> Directions: An exact copy of the lines of the listing below between the "Traseul Miridului" line and the "1111 Austin Highway" line, both included, is the whole answer; please omit the pictures.

> Data records:
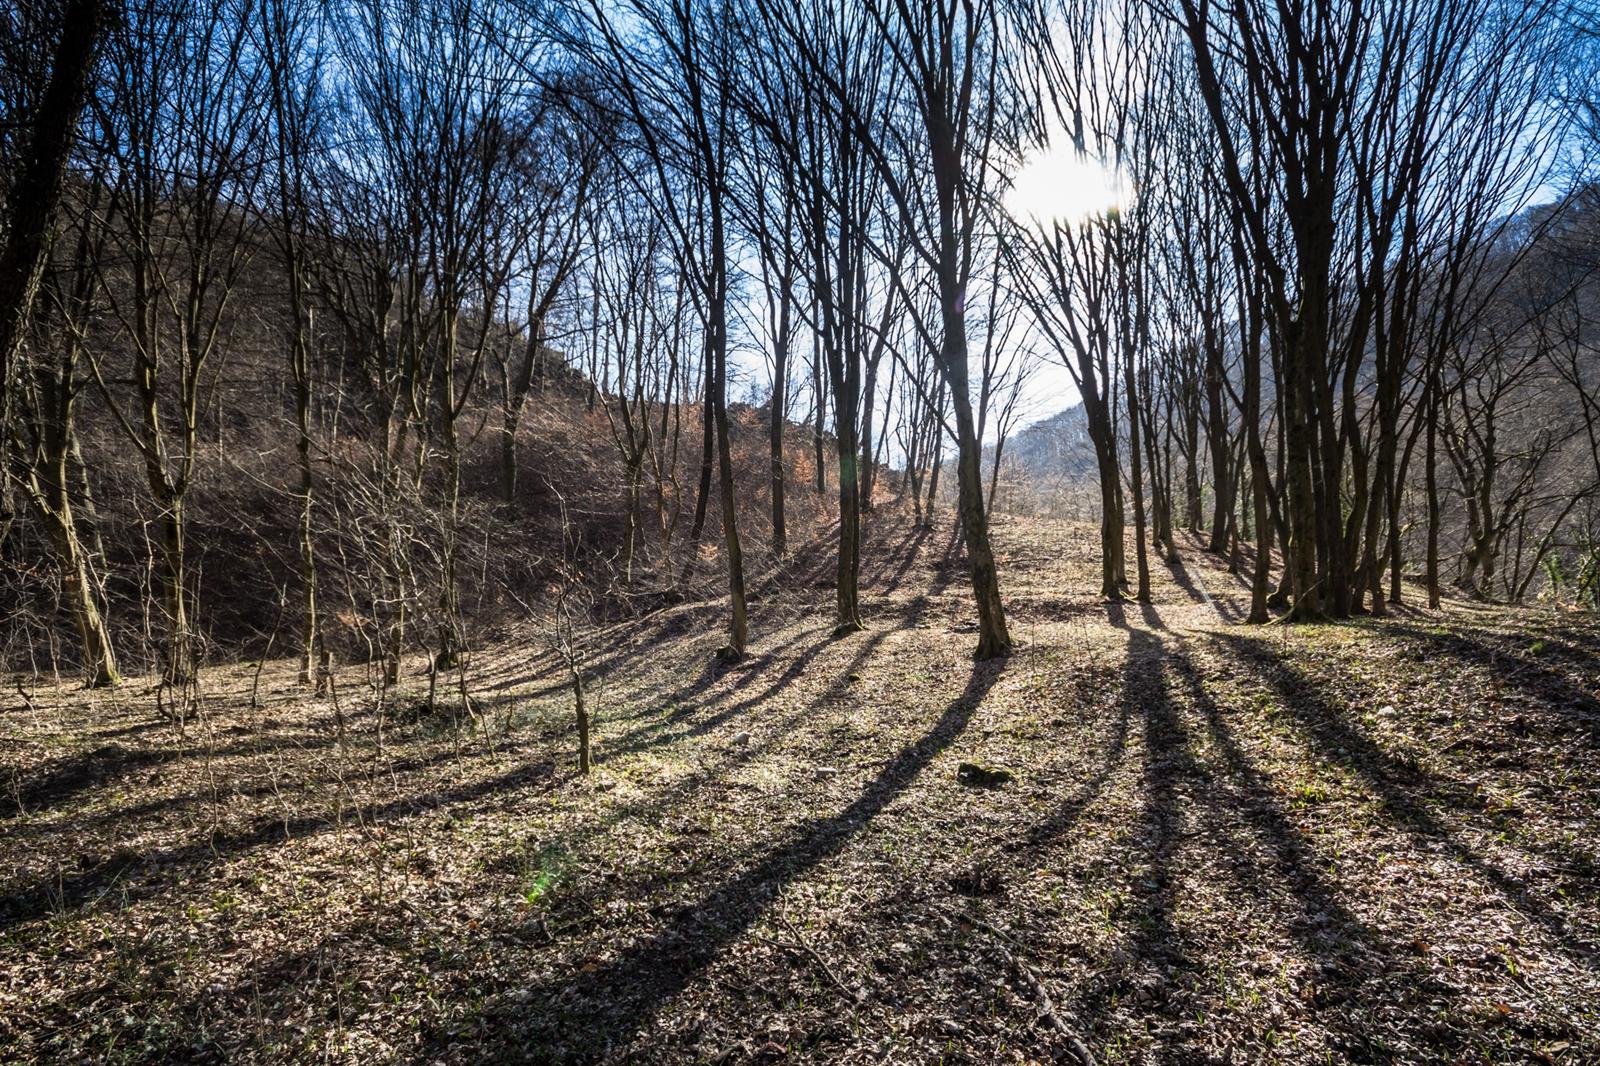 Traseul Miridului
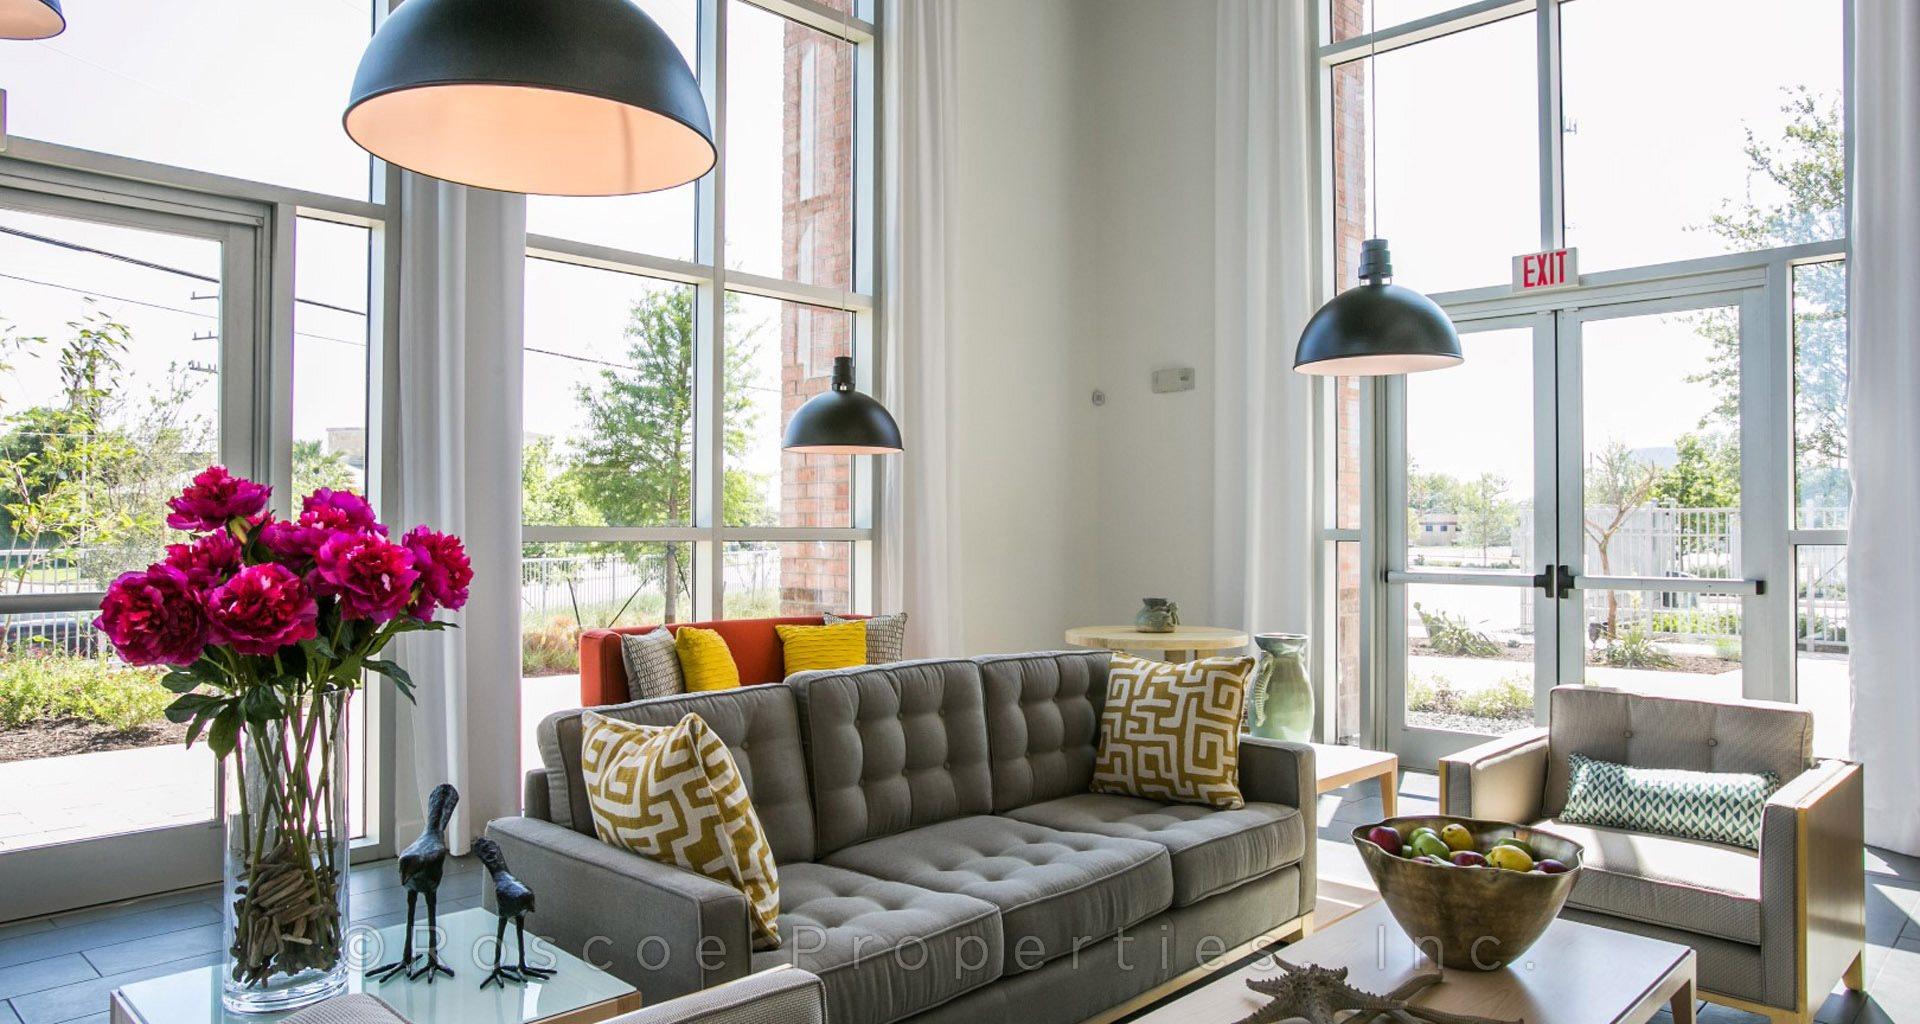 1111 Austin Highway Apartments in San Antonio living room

* * *

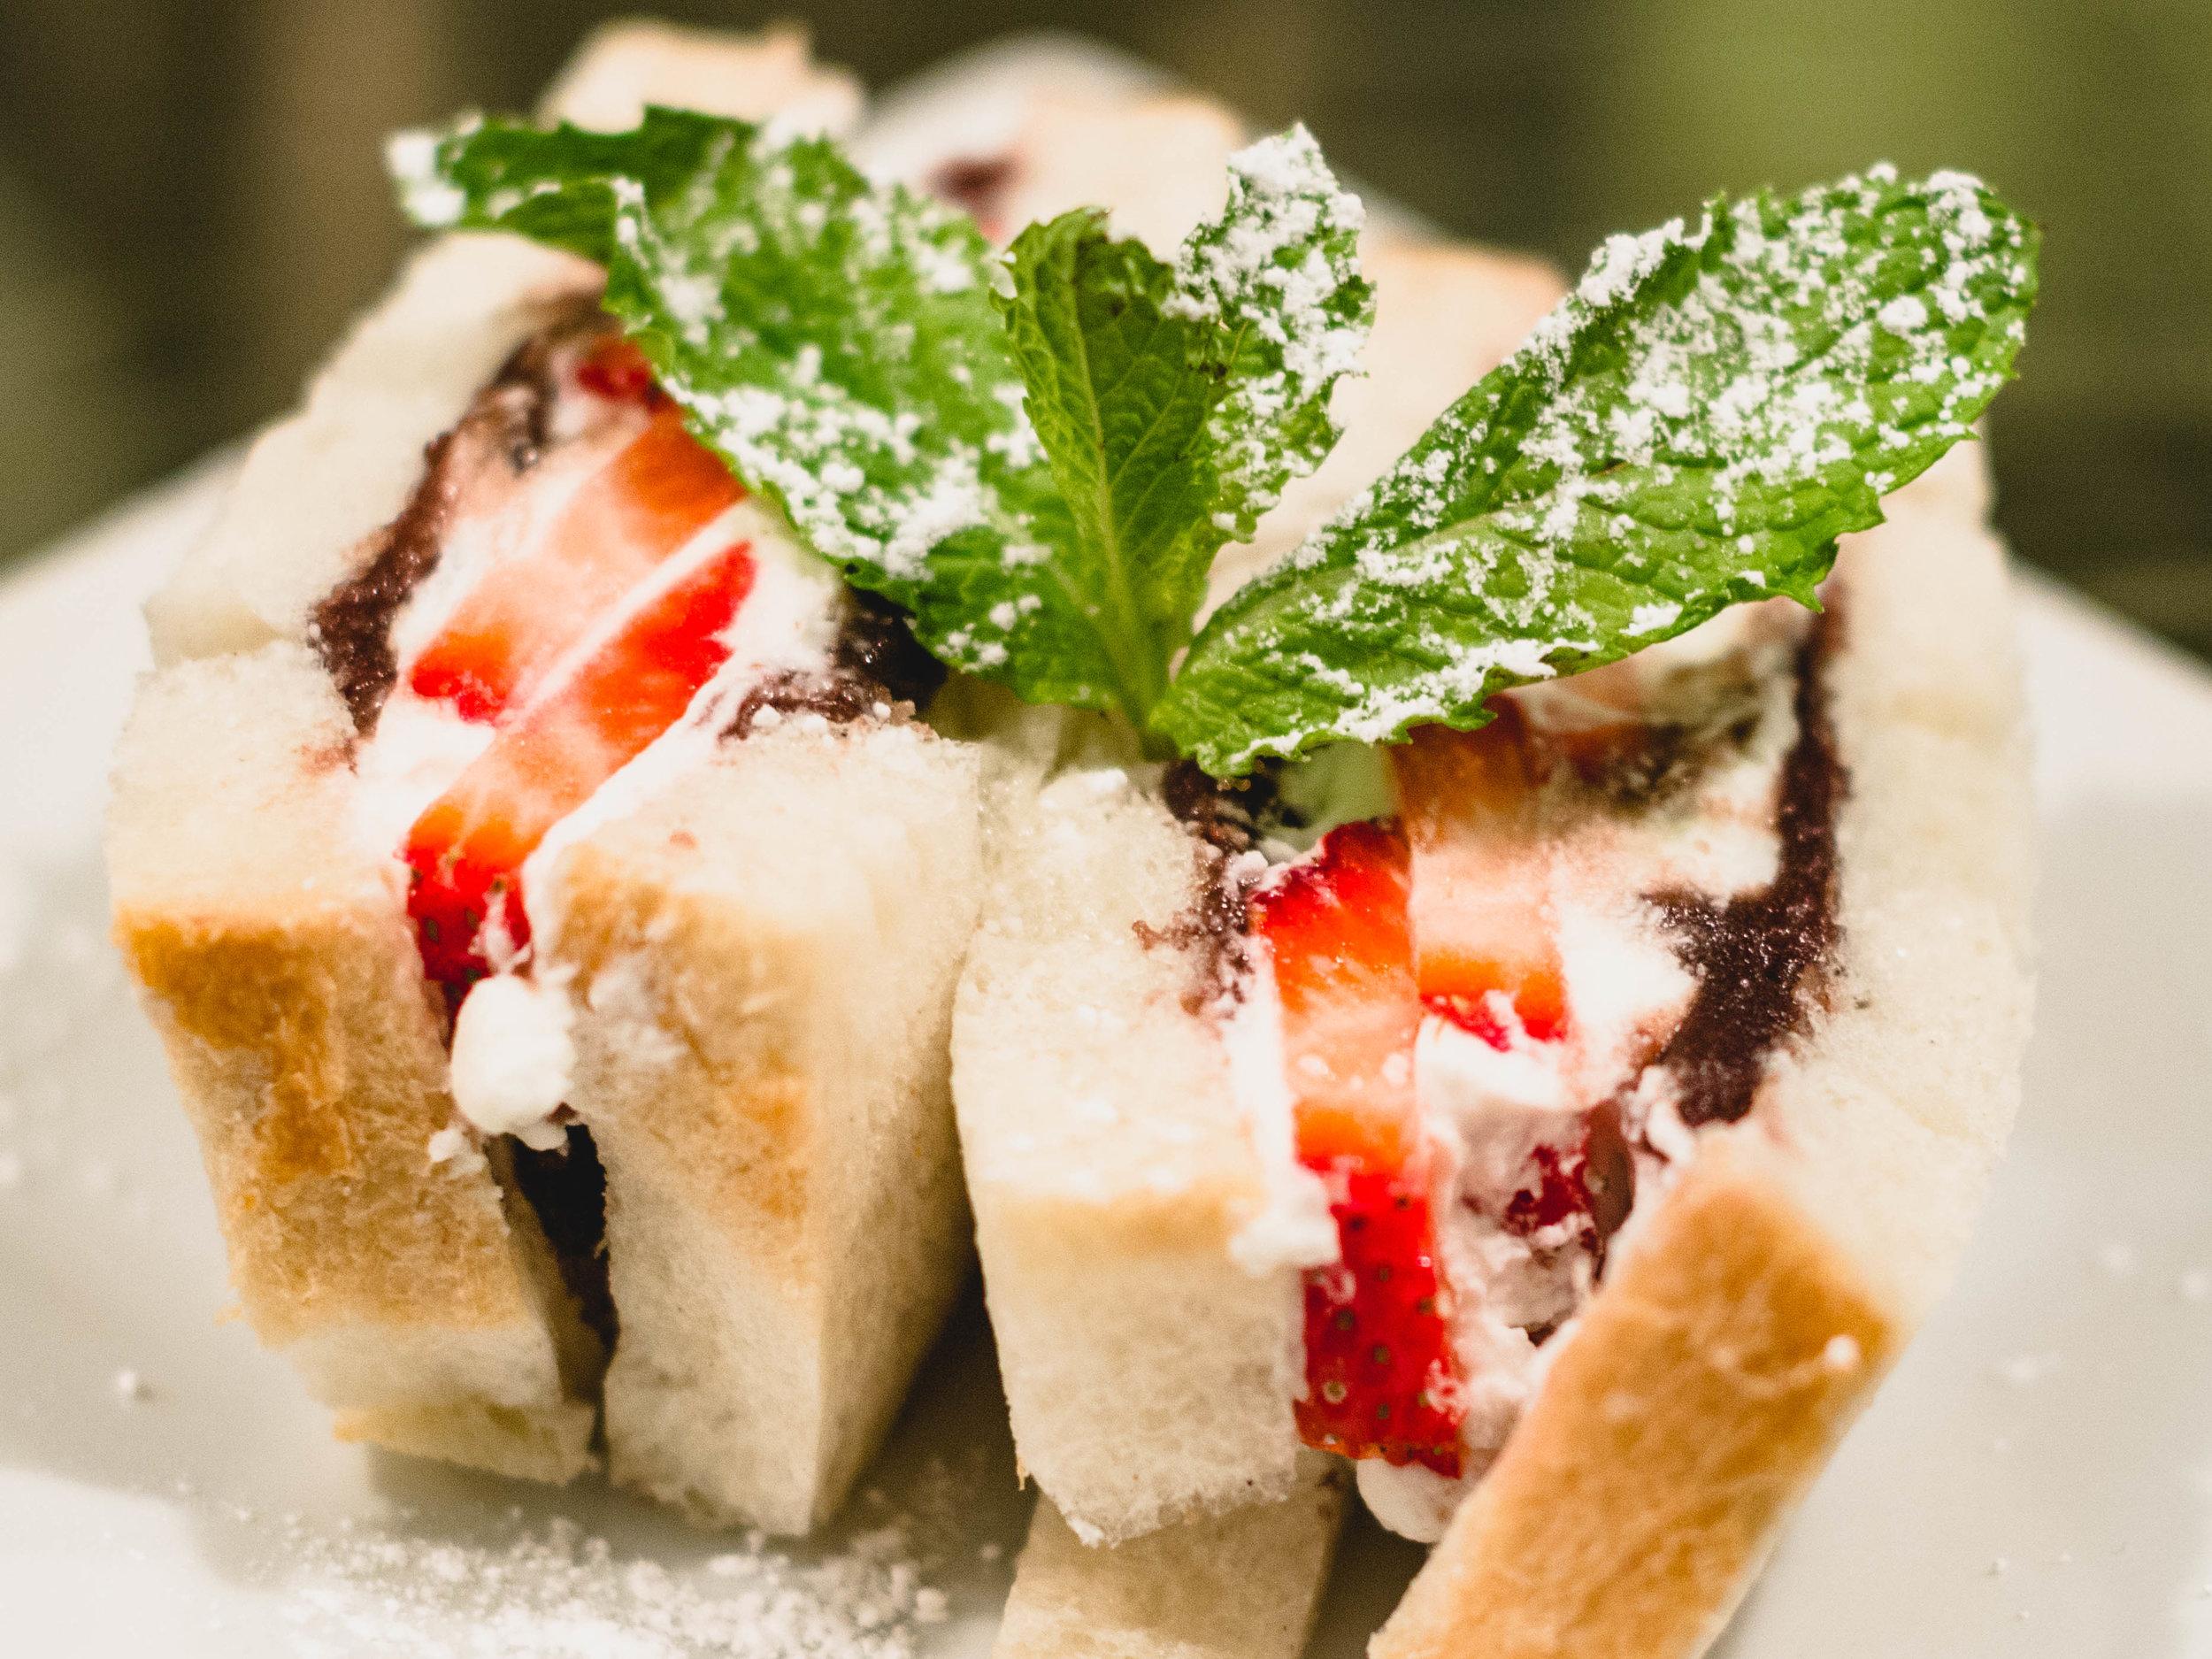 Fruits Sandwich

> Response area:
 Traseul Miridului
 1111 Austin Highway Apartments in San Antonio living room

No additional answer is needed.